Could one of you clarify your answer? Both examples I gave are effects of getting an infection so I don't understand your" cause and effect" reference. Are you saying experts don't know if increased body temperature aides the immune system in fighting infection?68.36.148.100 (talk) 10:54, 19 March 2013 (UTC)

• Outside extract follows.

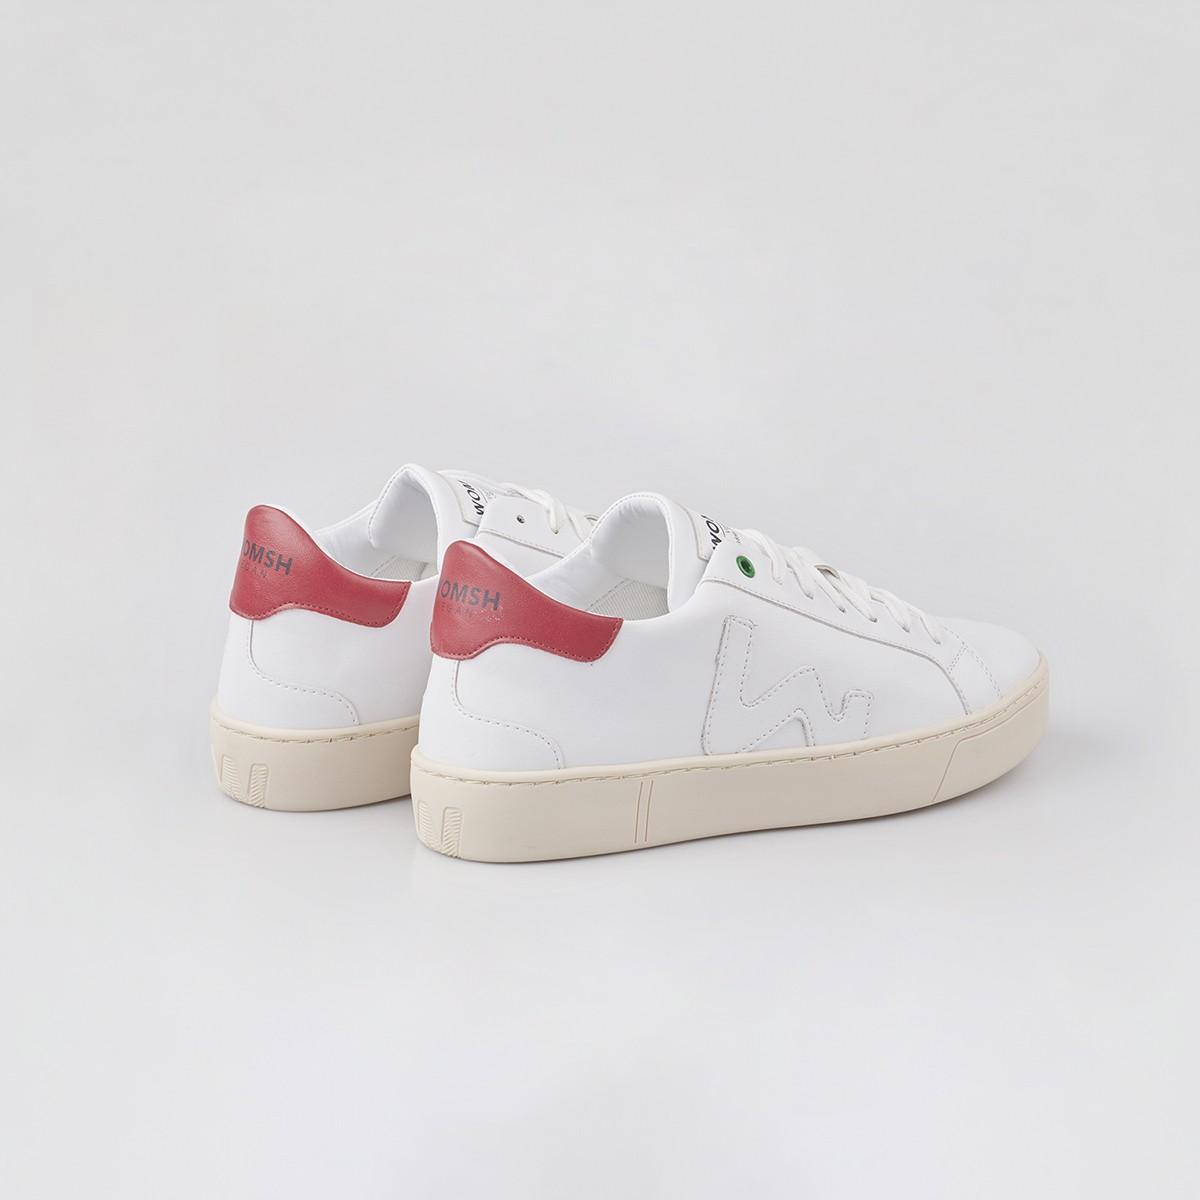 Womsh VEGAN SNIK WHITE RED / UNISEX

Fever is an immune reaction to certain infections, a particularly effective on in some cases. We have articles on everything you asked about... as everyone above referenced. You say a "byproduct" but that's the kind of anthropromorphic thinking that predominates a lot of low level science education ("the electron wants to go to the other atom")... it's an awful way to think about these things. Shadowjams (talk) 13:15, 19 March 2013 (UTC)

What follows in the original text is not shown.